Edda Kapsch, M.A. (Potsdam) - Curriculum Vitae
Selbstverstehen und das Problem der inneren Spannung des Selbst im Anschluss an Heidegger

Abstract

Die gegenwärtigen gesellschaftlichen Anforderungen an den Einzelnen, die Einzelne in unserer ‚westlichen’ Gesellschaft sind groß und wachsen beständig. Normierungen und notwendige Orientierung an gefestigten Traditionen scheinen zugunsten eines neuen Zwangs zu zurückzutreten, nämlich dem der Individualisierung. Die vielfach proklamierte, teils richtig, teils fraglich erscheinende zunehmende Freiheit des Individuums, sein eigenes Leben jenseits starrer Normen leben zu können, führt zur Popularität der Rede von der Vergrößerung des individuellen Handlungsspielraums, der Autonomie und der Eigenverantwortung bezogen etwa auf beruflichen Erfolg, Gesundheit, Partnerschaft, ja im Grunde bezogen auf das ganze Leben. Der Zwang bzw. die in der Soziologie oder der Sozialphilosophie häufig festgestellte Schwierigkeit besteht darin, eben diese behauptete Eigenverantwortlichkeit leben zu müssen: So wird von Individuen stets mehr Flexibilität, Entscheidungsfreude, Eigeninitiative und Kreativität verlangt, was nicht selten zu Überforderung des/der Einzelnen führt. Diesen Forderungen liegt im Grunde ein noch tiefergehenderer Anspruch am Individuum zugrunde, nämlich dem, eine Kenntnis von sich selbst, seinen charakterlichen Eigenheiten, seinen Wünschen und Fähigkeiten etc. zu besitzen. Dieser Anspruch dürfte parallel zum Wunsch des spätmodernen Menschen, sich in der Lebenswelt zu orientieren und ein möglichst ‚selbstbestimmtes’ Leben zu führen, verlaufen.

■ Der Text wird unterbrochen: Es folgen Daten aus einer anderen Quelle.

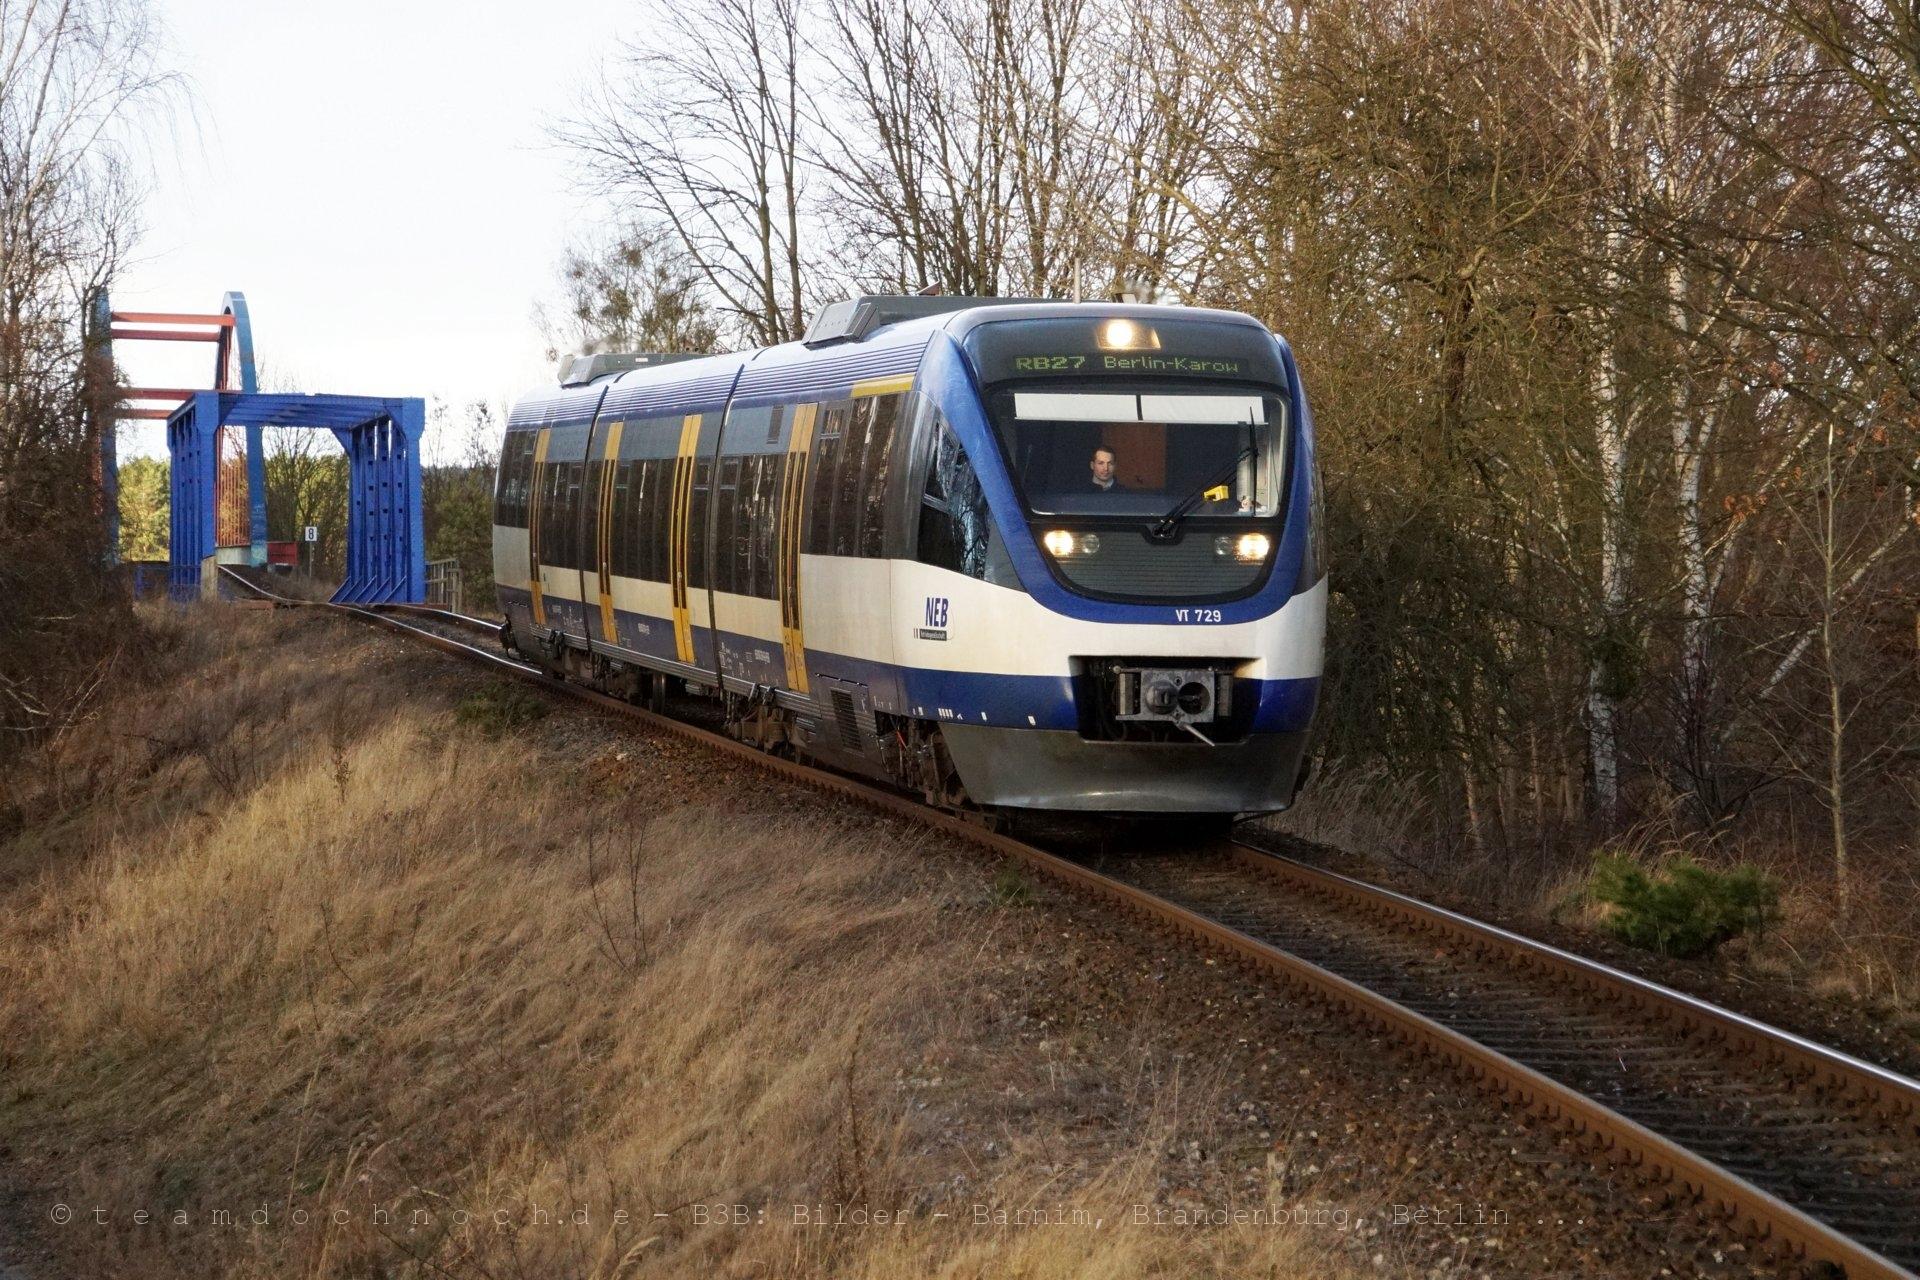 NEB VT 729 kurz vor Erreichen des Bahnhofs Ruhlsdorf-Zerpenschleuse

Nicht nur diesem Problem der Individualisierung geschuldet, drängt sich die in der zeitgenössischen Philosophie viel beachtete Frage nach dem Selbstverstehen auf. Ich möchte in meinem Vortrag ausgehend von Heideggers Sein und Zeit dem Phänomen des Selbstverstehens nachgehen und versuchen zu skizzieren, welchen Schwierigkeiten es unterliegt. Dies möchte ich in drei Schritten vollziehen.

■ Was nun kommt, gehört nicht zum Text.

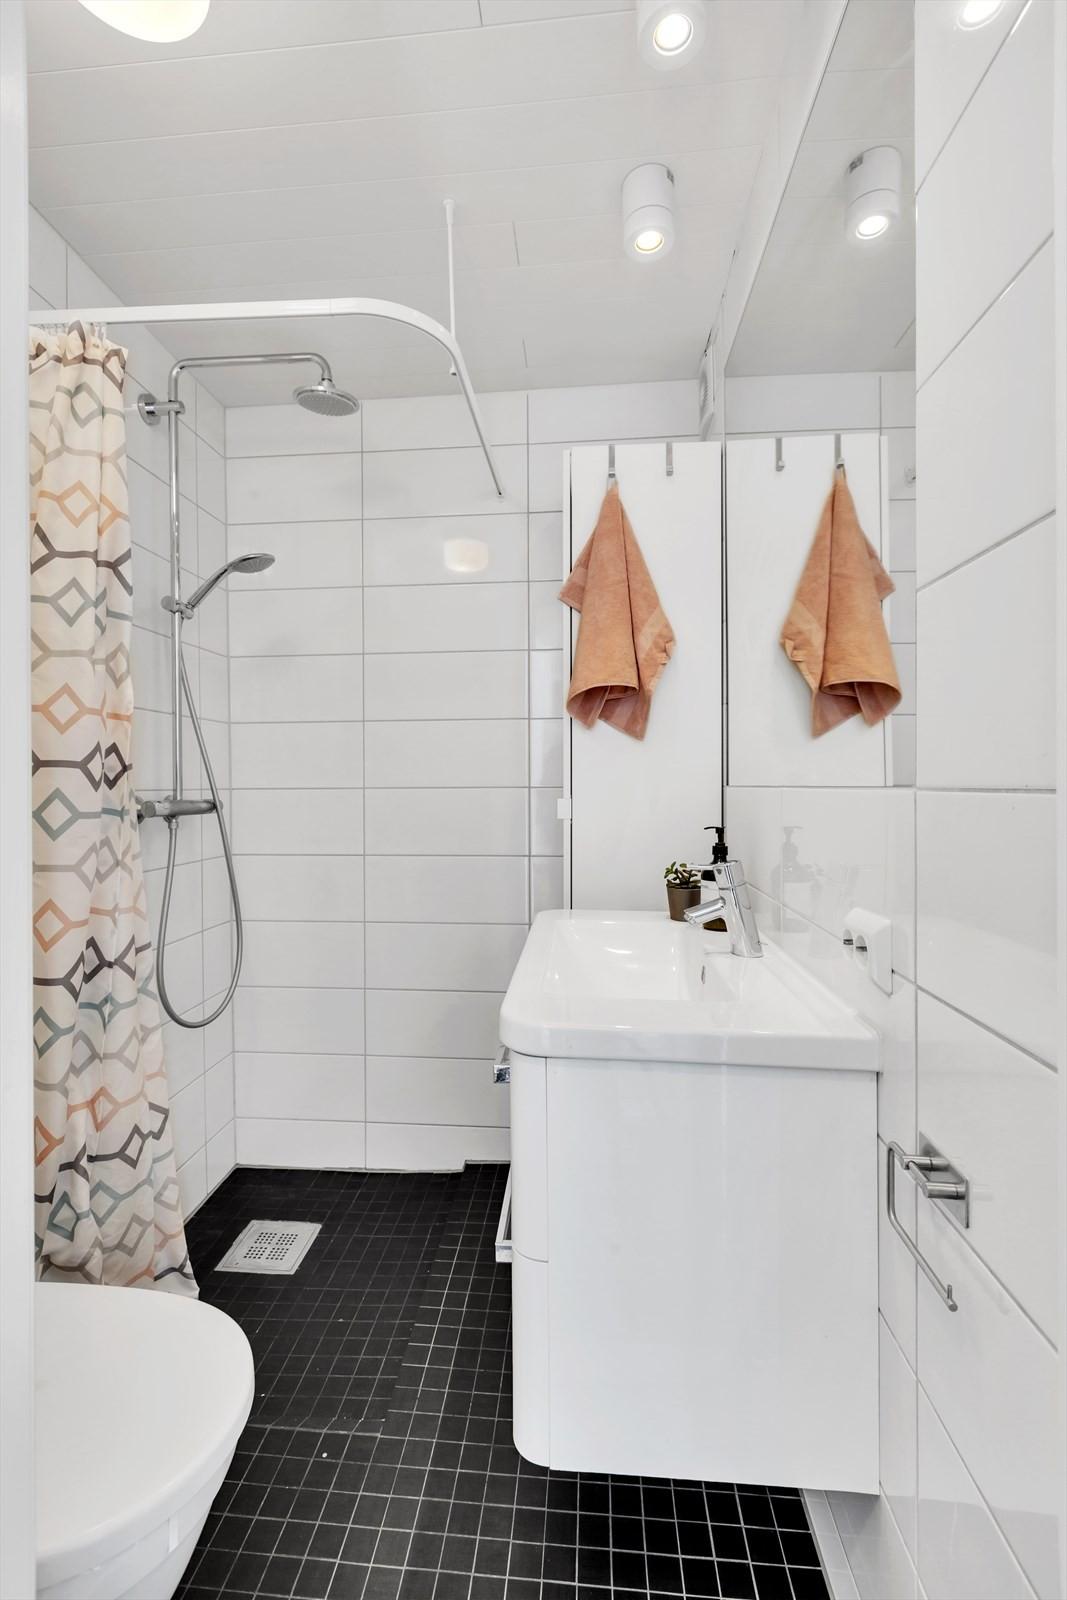 Badrom i 1. etasje, komplett flislagt med vegghengt toalett og dusjnisje.

Der erste Schritt soll verdeutlichen, dass und inwiefern der Mensch immer schon in Verstehensvollzügen lebt. Mit Heidegger lässt sich ausgehend von seinem praktischen Verstehensbegriff, seiner Bestimmung des „Daseins“ als „In-der-Welt-sein“ und ausgehend von der Sorgestruktur des Daseins bestimmen, dass und inwiefern der Mensch immer schon ein alltägliches, vortheoretisches und unthematisches Verständnis von sich und der Lebenswelt, in der er lebt, besitzt. Dieses Verstehen betitelt das „Aufgehen“ des Einzelnen/der Einzelnen in der Lebenswelt. Der Zusammenhang von Welt-, Fremd- und Selbstverstehen ist dabei heideggerintern wie für den Vortrag von besonderer Relevanz. Dieses passive Selbstverstehen möchte ich als ‚implizites Selbstverstehen’ bezeichnen. Es verläuft zumeist unproblematisch und stellt die Grundlage dar für die explizite, aktive Frage nach dem Verstehen des Selbst. Die Klärung dieser Grundlage soll die hermeneutische Struktur des Selbst verdeutlichen und gleichzeitig mitreflektieren, warum diese immer schon stattfindenden Verstehensvollzüge häufig nicht als solche erkannt werden und so zu Missverständnissen führen können.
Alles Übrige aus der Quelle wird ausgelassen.